» Work instruction
Below are the entries. Print only the lines starting at the one with "GURREN LAGANN THE" and ending at the one with "Uzbekistan's Bektemir Melikuziev", exactly, with no pictures.

» Records shown
▶

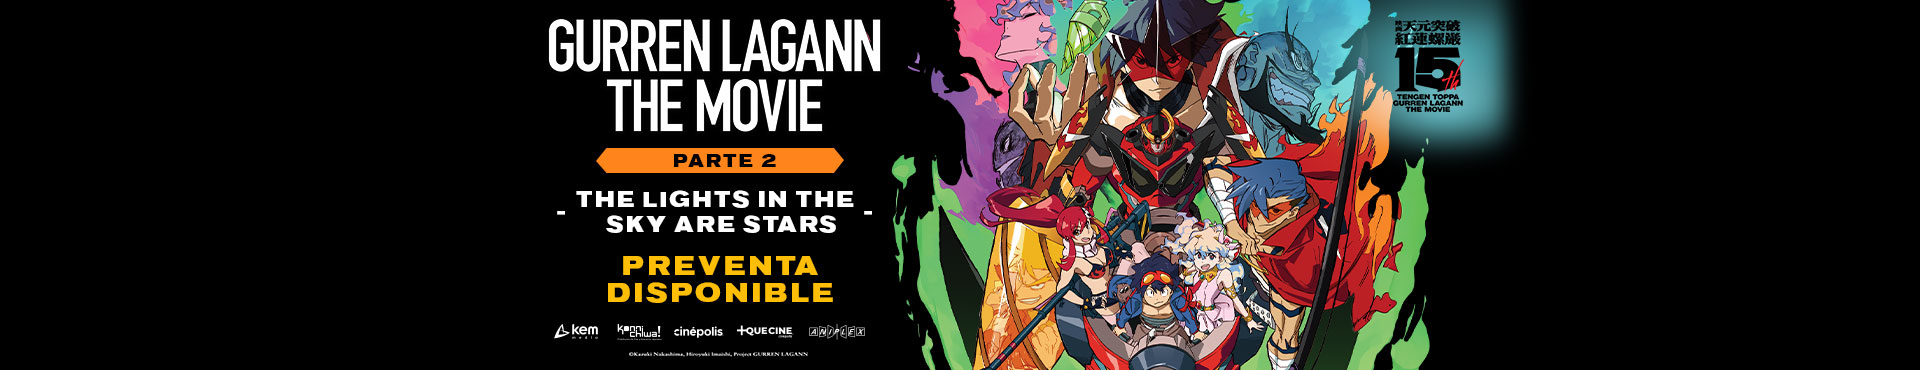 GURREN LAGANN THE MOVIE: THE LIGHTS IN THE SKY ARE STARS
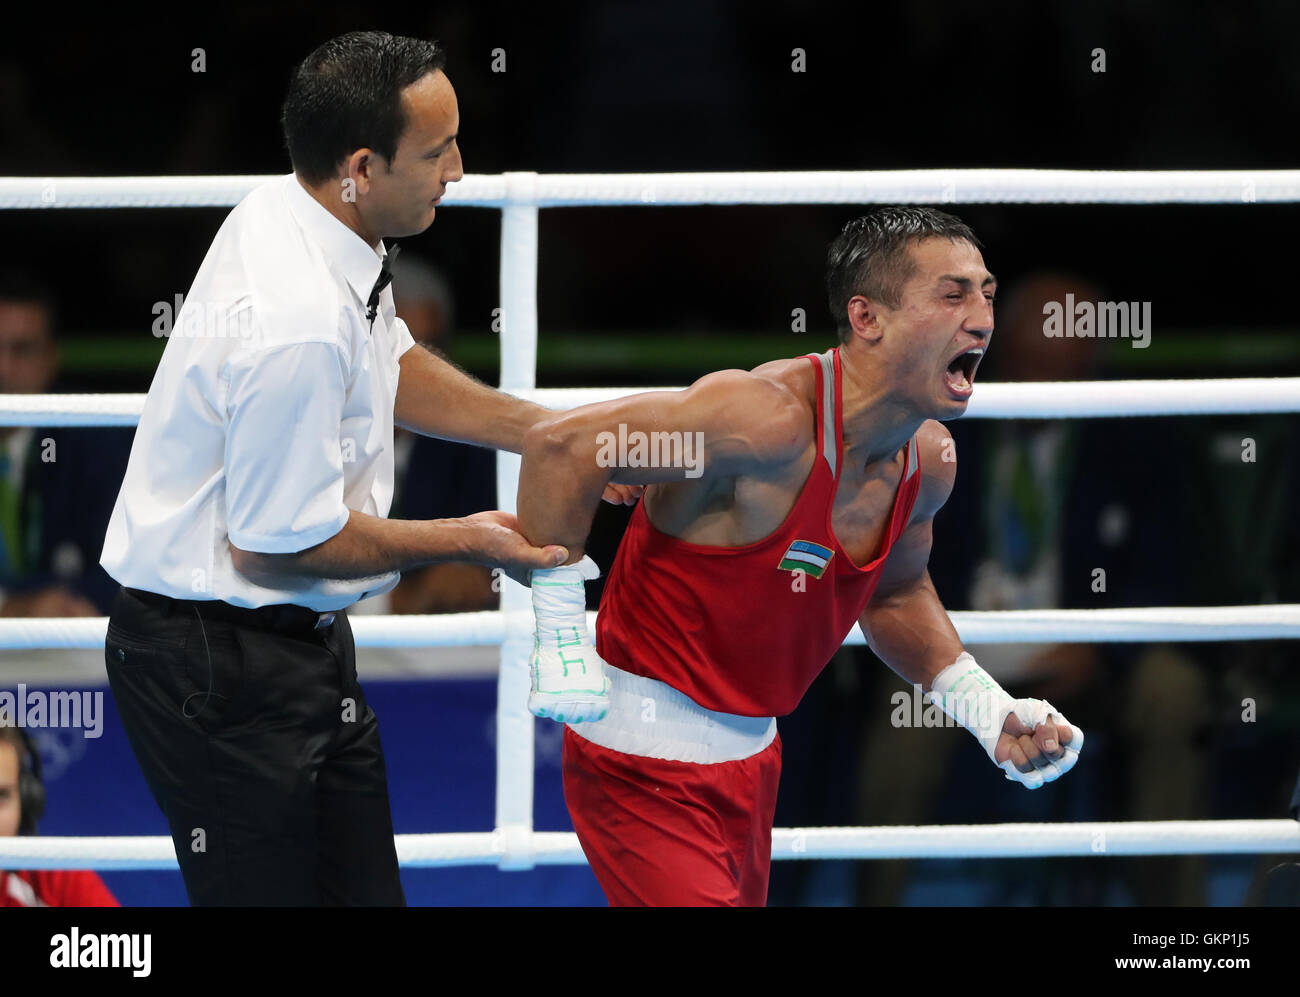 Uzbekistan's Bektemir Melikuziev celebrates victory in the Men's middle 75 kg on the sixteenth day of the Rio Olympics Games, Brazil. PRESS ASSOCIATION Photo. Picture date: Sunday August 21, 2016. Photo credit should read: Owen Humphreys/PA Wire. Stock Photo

◀
▶

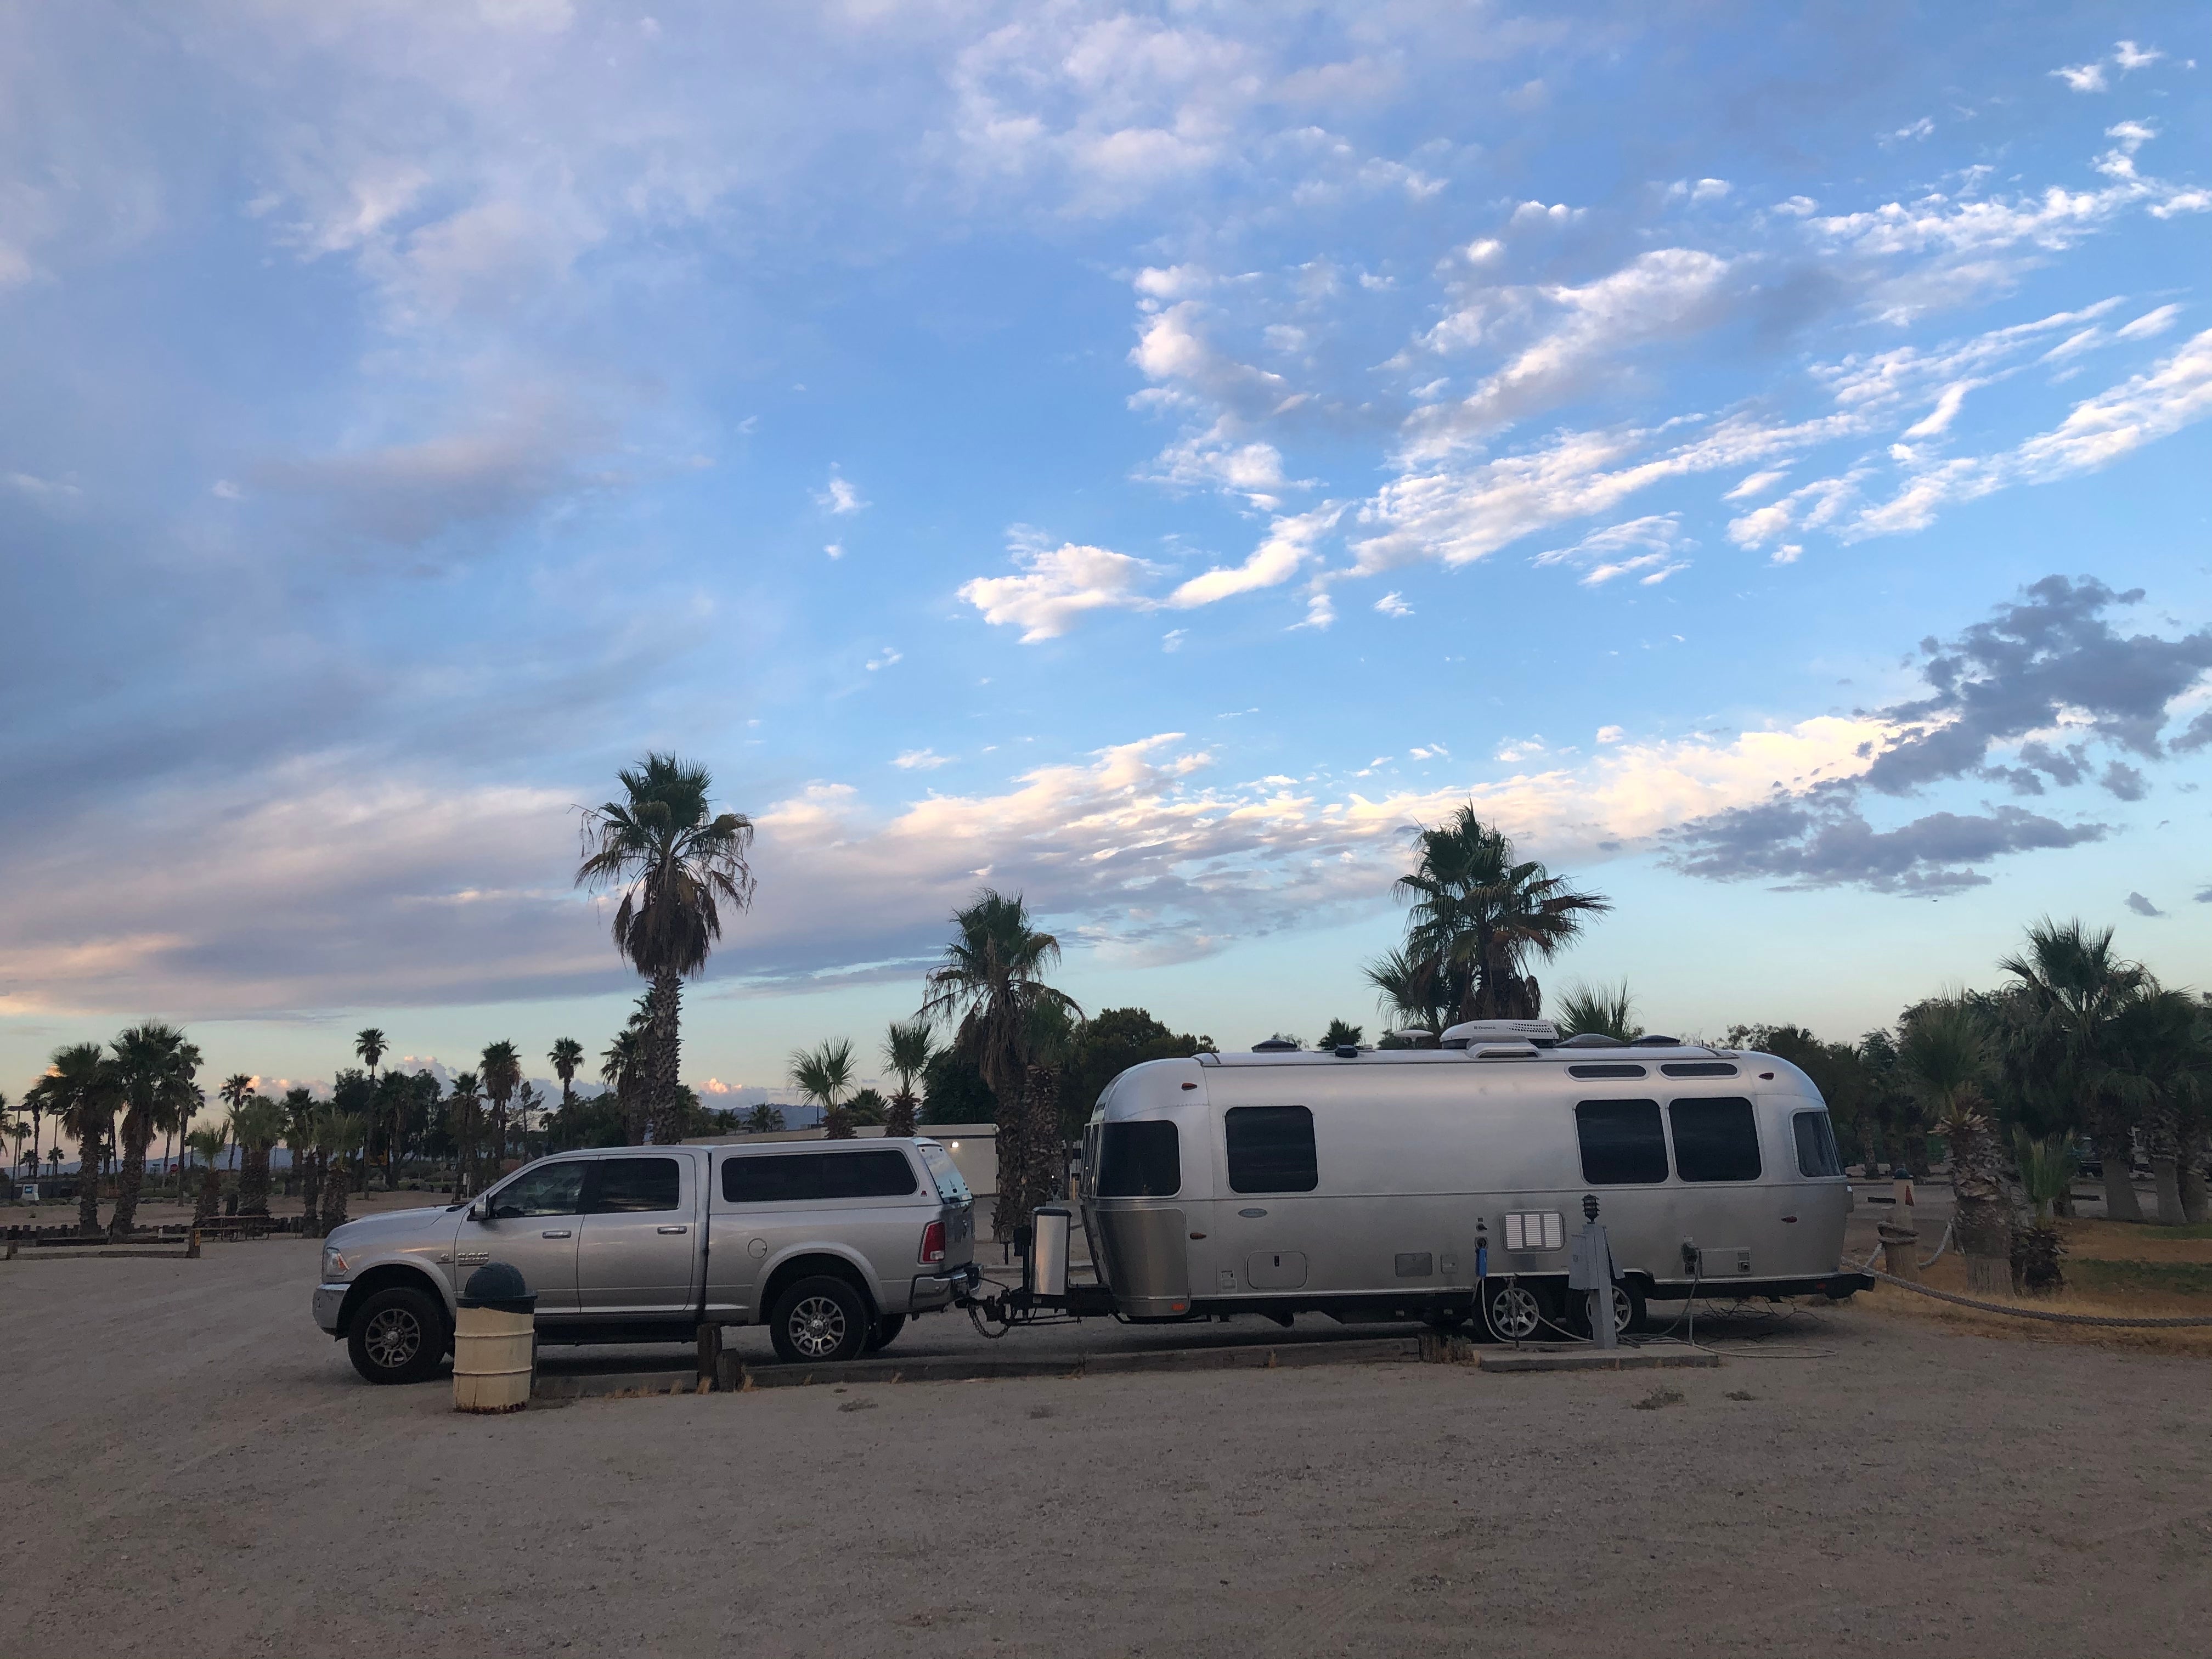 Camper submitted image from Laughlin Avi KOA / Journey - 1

◀

» Answer to the exercise
 GURREN LAGANN THE MOVIE: THE LIGHTS IN THE SKY ARE STARS
 Uzbekistan's Bektemir Melikuziev celebrates victory in the Men's middle 75 kg on the sixteenth day of the Rio Olympics Games, Brazil. PRESS ASSOCIATION Photo. Picture date: Sunday August 21, 2016. Photo credit should read: Owen Humphreys/PA Wire. Stock Photo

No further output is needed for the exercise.